PARIS, 30 June 2003 — Official efforts to better integrate France’s five million Muslims into mainstream French society were in turmoil after a moderate Islamic leader tendered his resignation as head of a council increasingly influenced by hard-liners, and then retracted it hours later.

Dalil Boubakeur, head of the Grand Mosque of Paris, said on Friday he was quitting as government-designated head of the French Council of the Muslim Faith (CFCM) representing the country’s Muslims. Muslims are France’s second largest religious group.

The government set up the council to promote dialogue with a minority often sidelined in this traditionally Catholic country of 60 million.

Boubakeur, an Algerian with close ties to President Jacques Chirac, was appointed to head the panel.

Within hours of announcing his resignation, Boubakeur retracted it saying it had been mistakenly faxed off by a negligent secretary. However, he said he would stay on only if he could effectively lead the council.

Most of France’s Muslims are immigrants or children of immigrants from its former Arab colonies in North Africa. But integration has been patchy and xenophobic National Front leader Jean-Marie Le Pen won 17 percent of the vote in the first round of 2002 presidential elections.

Increasingly under fire, Interior Minister Nicolas Sarkozy vigorously defended the council he created.

“We have to develop a French Islam,” he told the newspaper Le Figaro on Saturday. “How can you develop a French Islam if you don’t want to talk to anybody? The rise in fundamentalism is the product of a discussion we haven’t had.”

Sarkozy persuaded the country’s fractious Muslims last year to form a council like the Catholic, Protestant and Jewish umbrella groups that deal with the secular French state.
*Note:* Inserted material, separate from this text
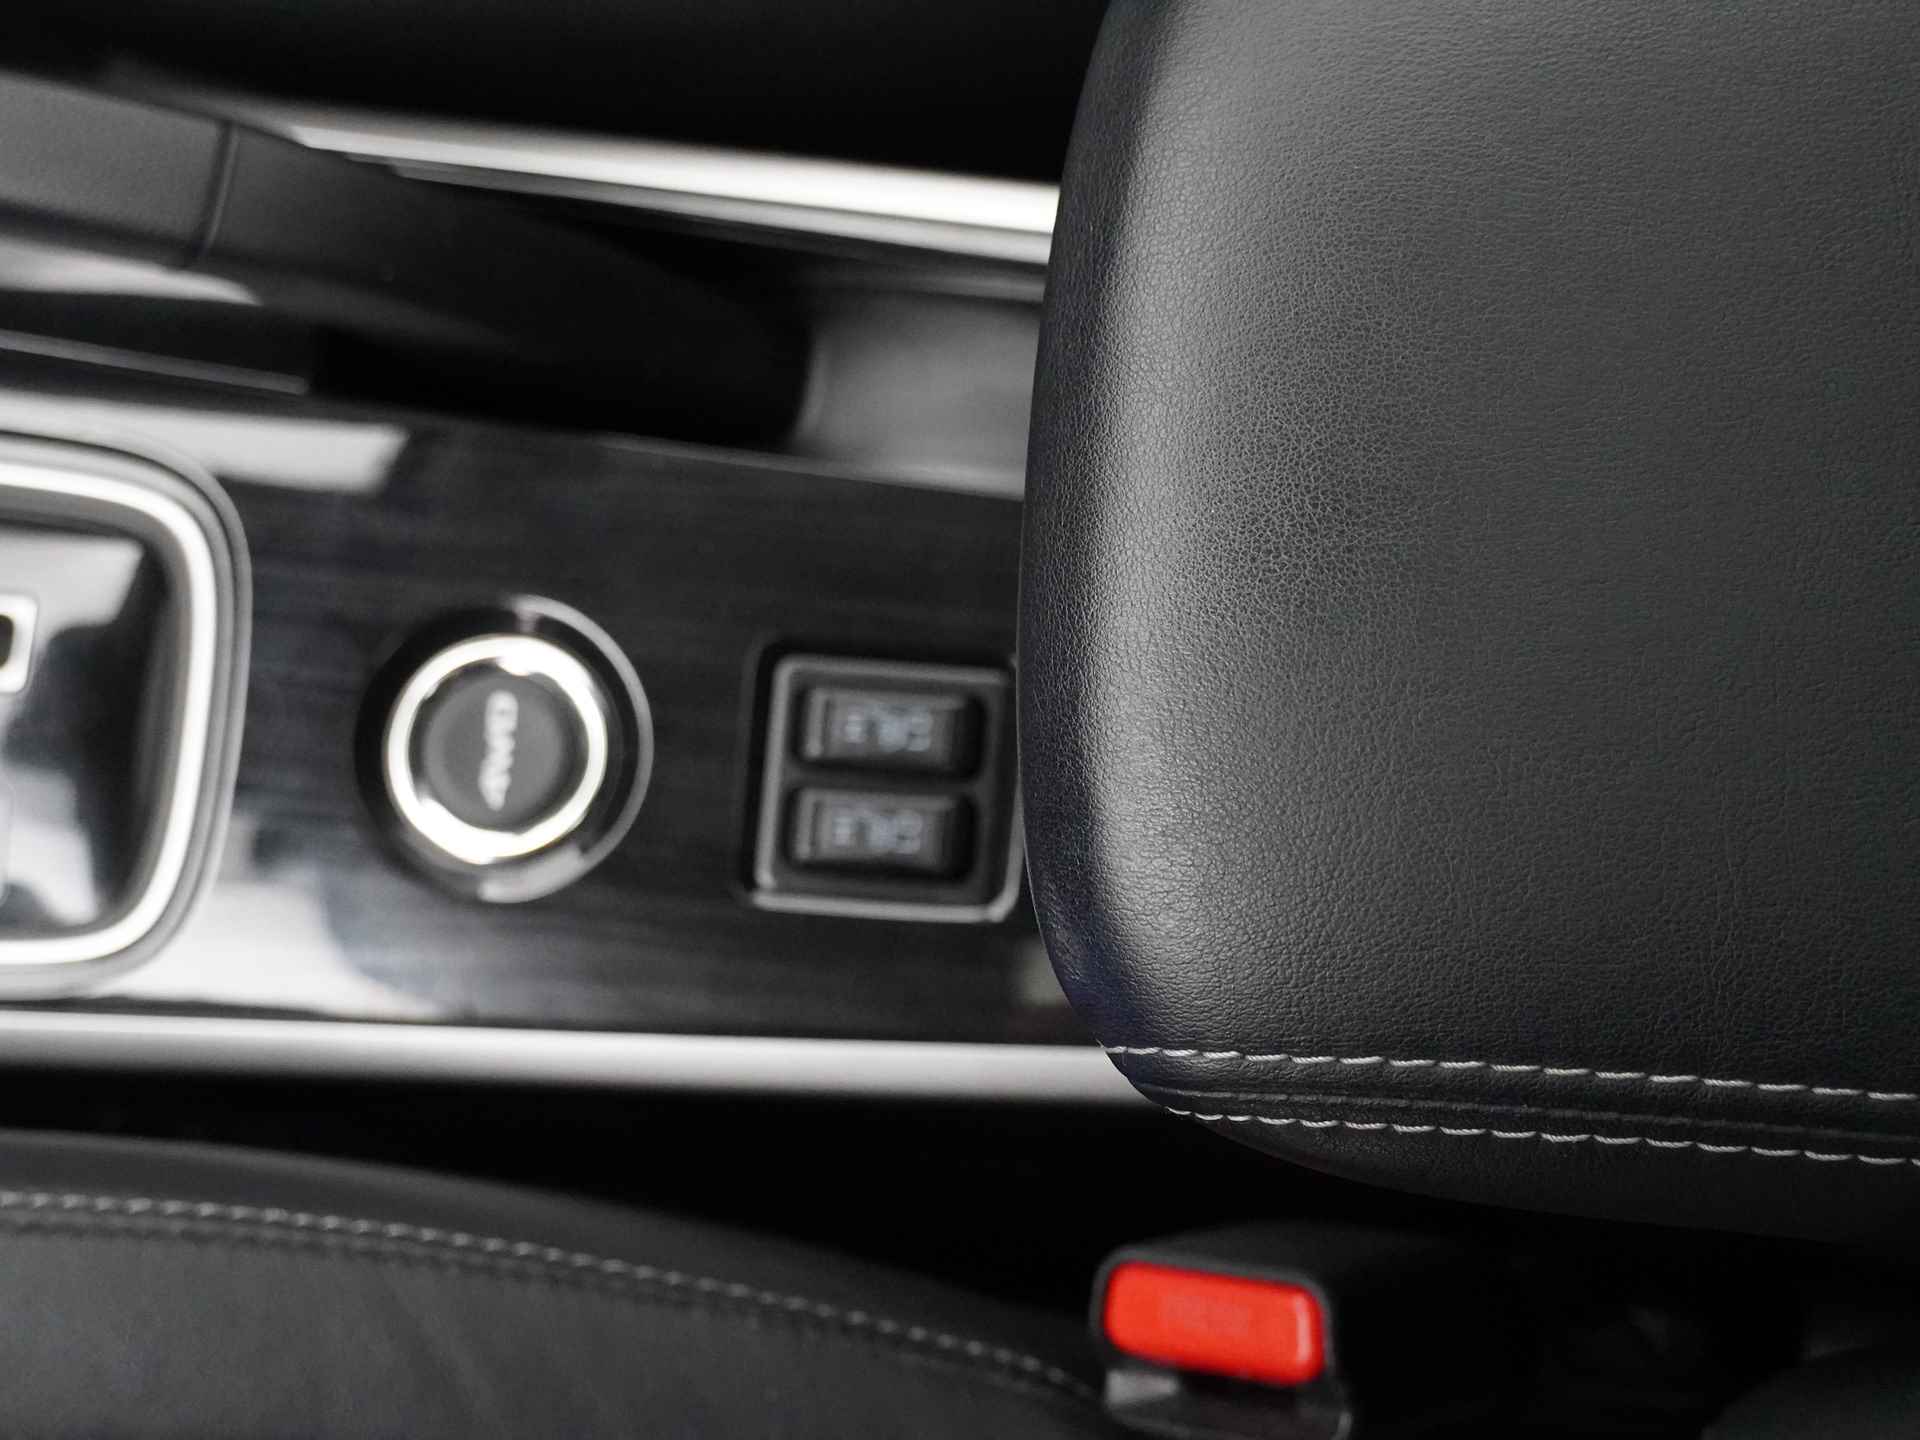 Mitsubishi Outlander 2.0 Instyle+ 4WD - Schuifkanteldak - Lederen bekleding - Voorraam verwarming - Apple CarPlay / Android Auto - Elektrische achterklep - 12 Maanden bovag garantie - 34/48

But moderate Boubakeur’s position was undermined when his group came third last April in voting for the council, behind the Union of Islamic Organizations in France (UOIF). The UOIF swept regional CFCM elections this month.

Boubakeur, 62, issued a statement on Friday saying he was resigning for health reasons, only to retract it hours later. He attempted to quit two weeks ago, but was persuaded at the time to stay on by Sarkozy. Sources at the CFCM say that apparently it was again Sarkozy who persuaded Boubakeur to not go through with his decision on Friday.

The UOIF, whose doctrines are close to the Muslim Brotherhood, has gained ground in recent years in the poor suburbs where disaffected Muslim youths — many born in France — increasingly turn to Islam for identity and values. “The CFCM has exposed a situation that we have willingly ignored,” Sarkozy said. “Who cannot see that the big question here is one of an identity that has been humiliated? A humiliated identity is an identity that turns radical.”

The minister also advised caution against rising calls for France to ban Muslim headscarves in schools as incompatible with the strictly secular values the state stands for.

“It’s irresponsible to ask whether Islam is compatible with our republic, because if you say ‘no’, what do you do then? Do you ask the Muslims to leave? Do you ask them to convert?”

Gilles Kepel, a leading French expert on Islam, accused Sarkozy of misusing religion for political ends by trying to boost a pro-government leader through a body hard-liners could influence thanks to their superior organization.